TASK REQUIREMENTS: The answer is a stretch of the material below, returned exactly: the line containing "Hear Vigilant Aerospace", the line containing "#XPO24 #uas #innovation", and all lines between.

EXERCISE INPUT:

---------------

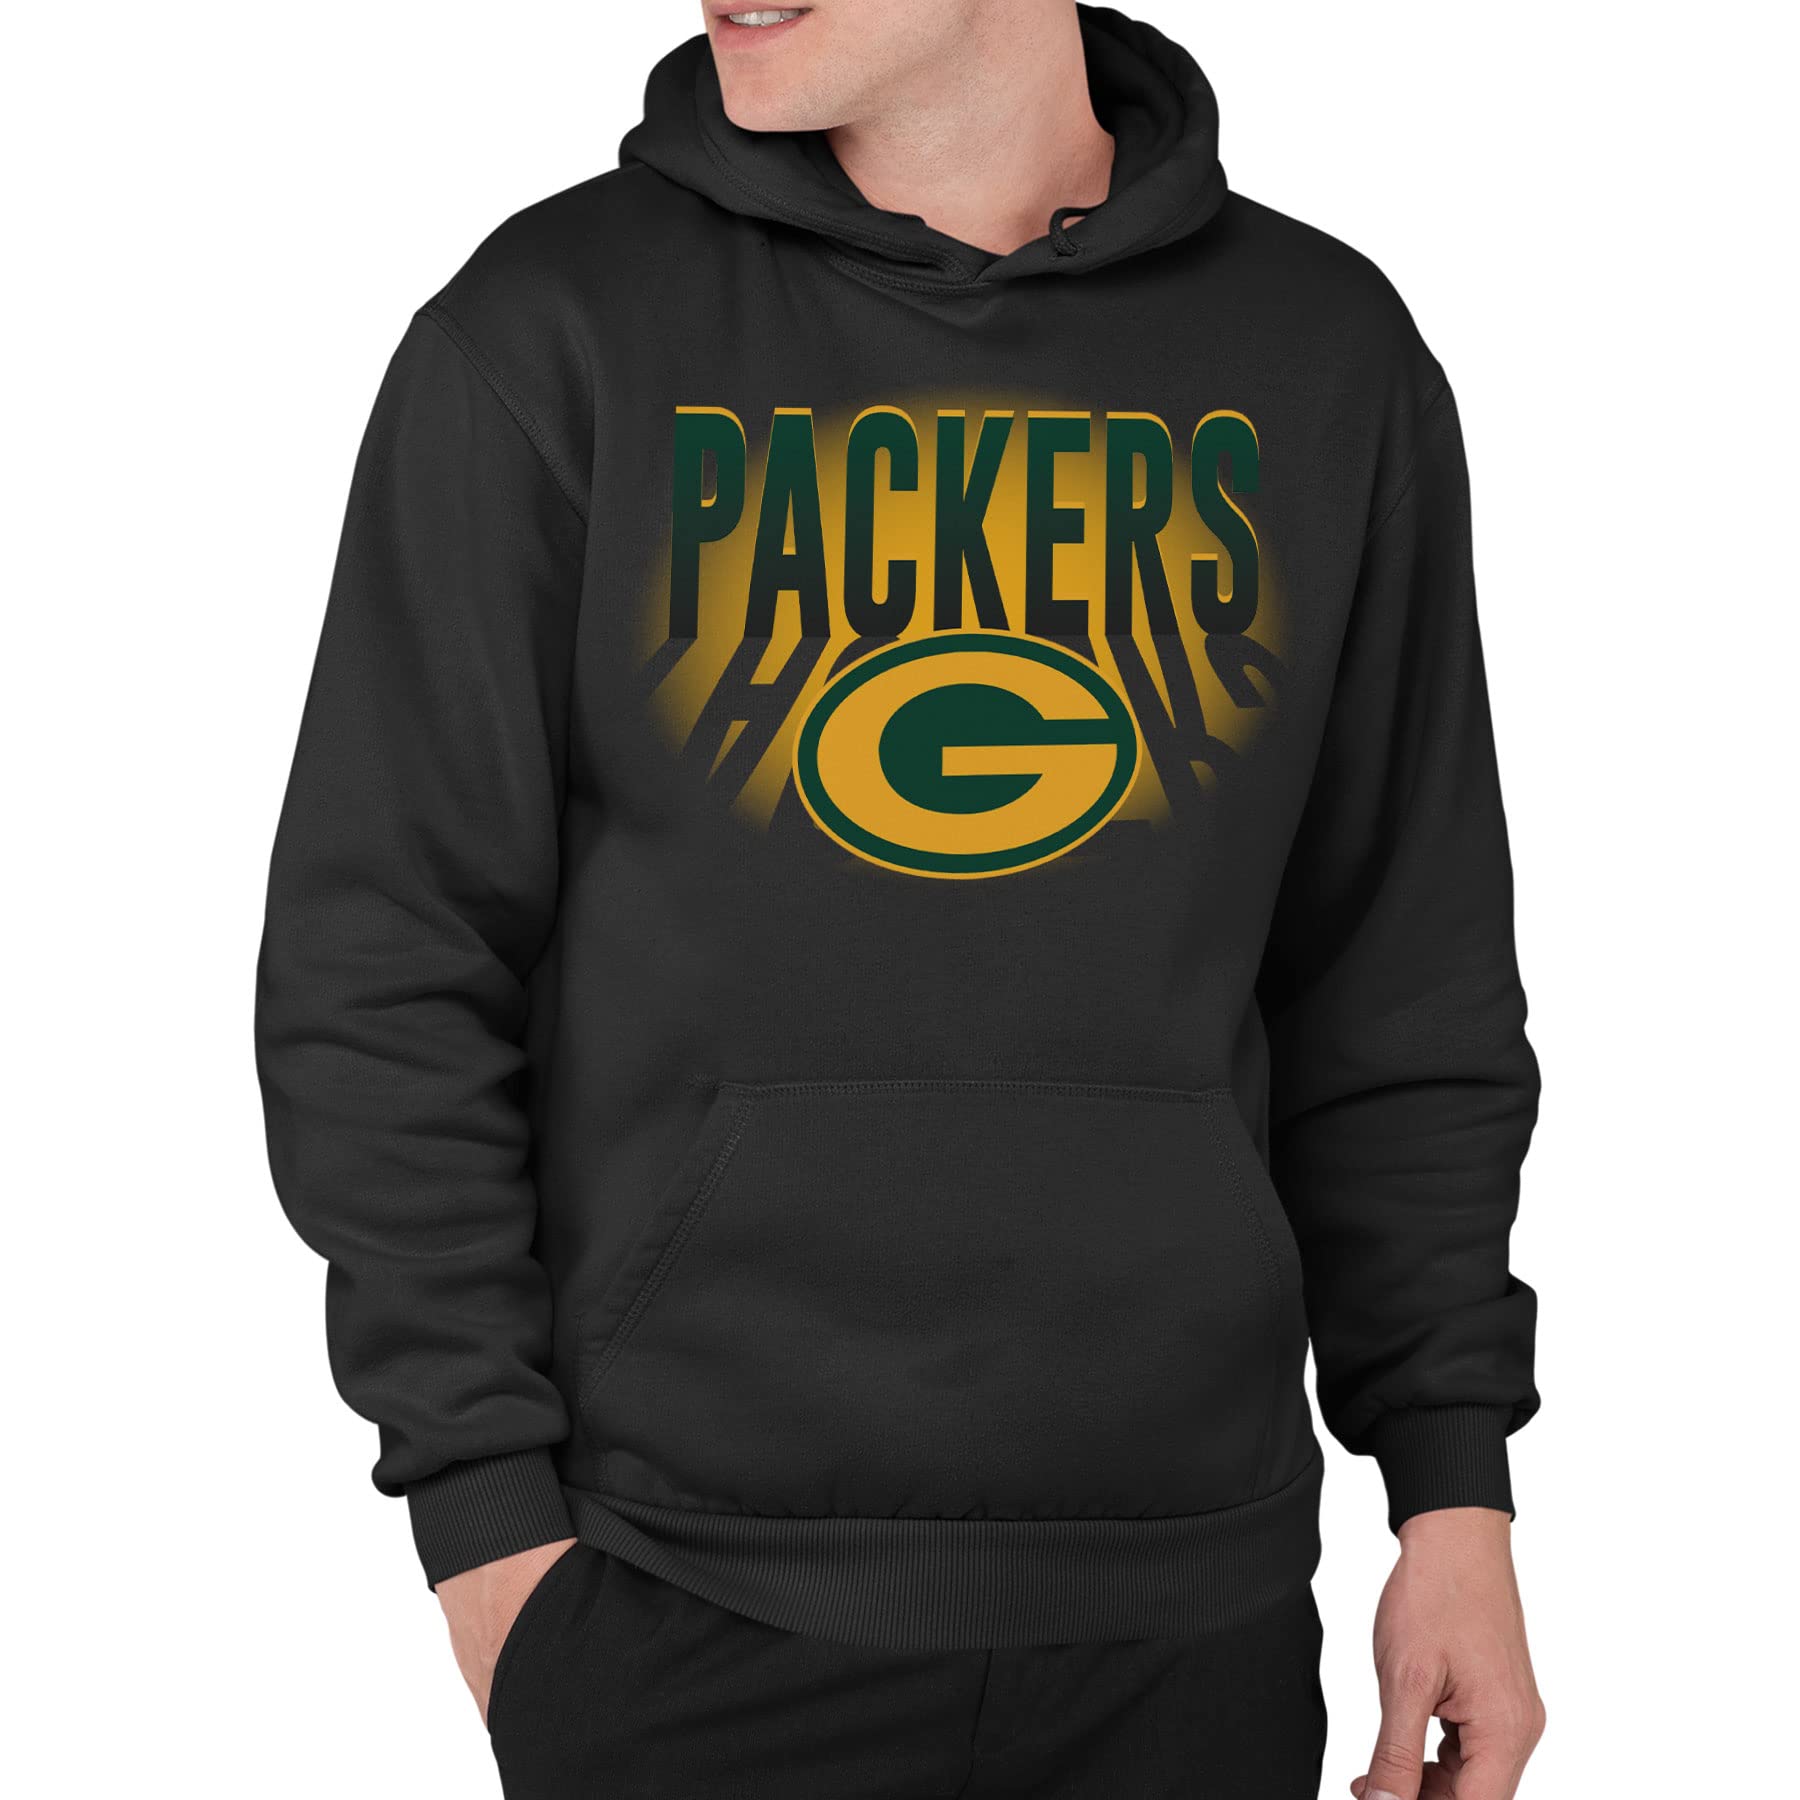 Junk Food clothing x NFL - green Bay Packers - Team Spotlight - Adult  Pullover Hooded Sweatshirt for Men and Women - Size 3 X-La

---------------

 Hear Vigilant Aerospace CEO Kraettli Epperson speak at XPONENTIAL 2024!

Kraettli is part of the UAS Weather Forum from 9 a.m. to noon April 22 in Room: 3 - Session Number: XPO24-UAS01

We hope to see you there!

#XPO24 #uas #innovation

---------------

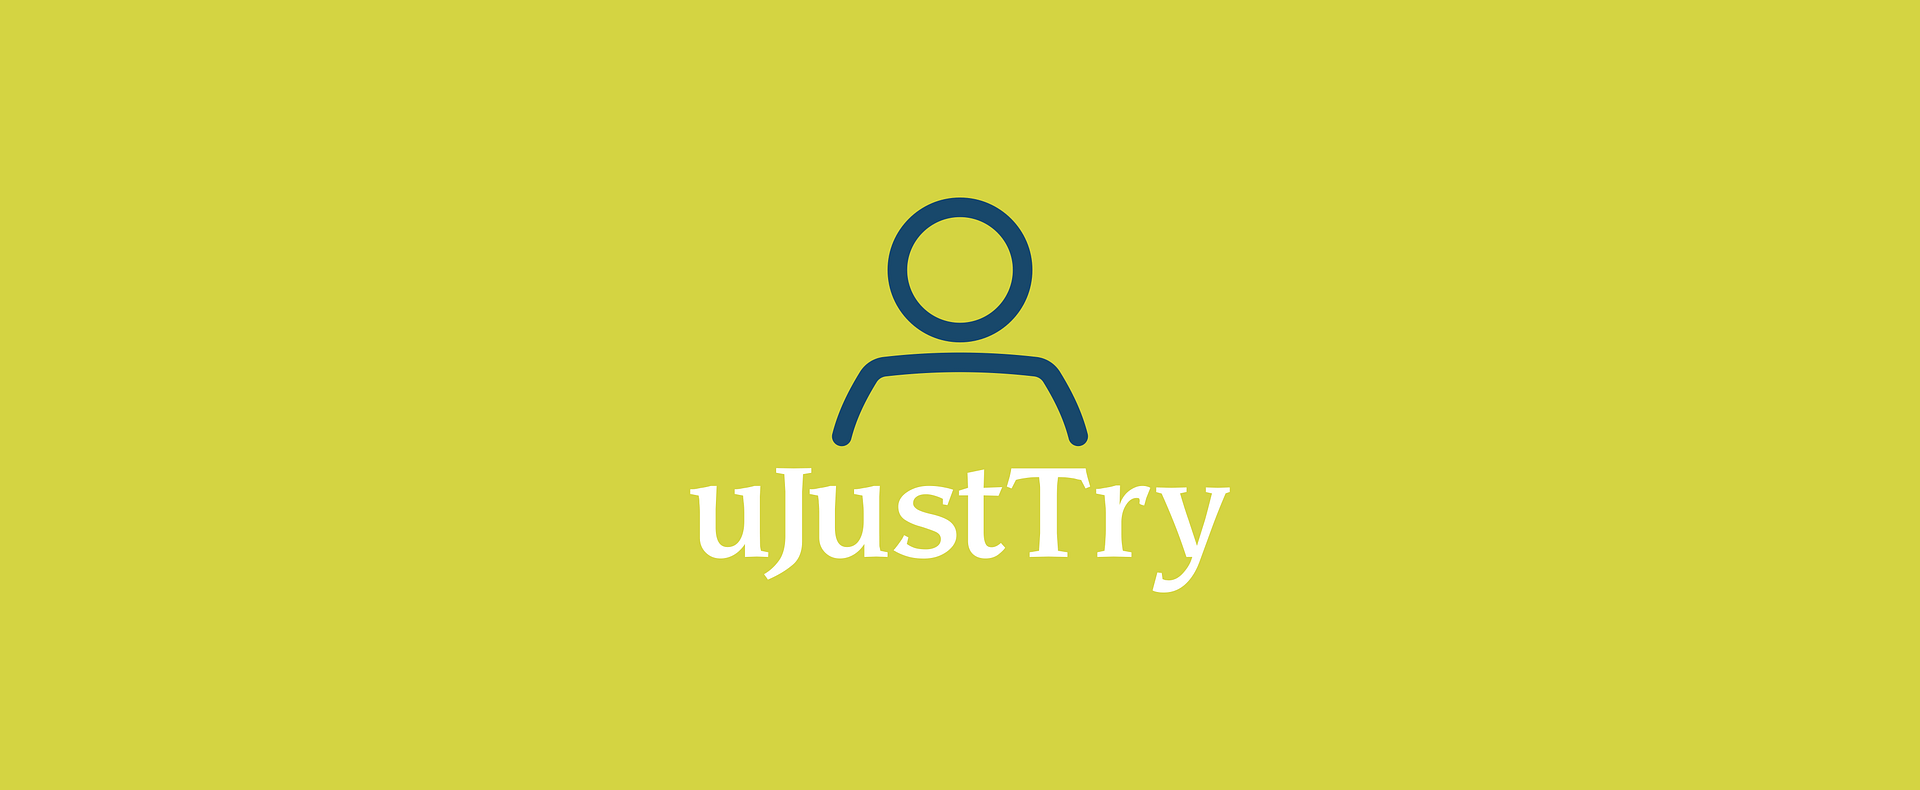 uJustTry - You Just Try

---------------

THE COMPLETED TASK:
 Hear Vigilant Aerospace CEO Kraettli Epperson speak at XPONENTIAL 2024!

Kraettli is part of the UAS Weather Forum from 9 a.m. to noon April 22 in Room: 3 - Session Number: XPO24-UAS01

We hope to see you there!

#XPO24 #uas #innovation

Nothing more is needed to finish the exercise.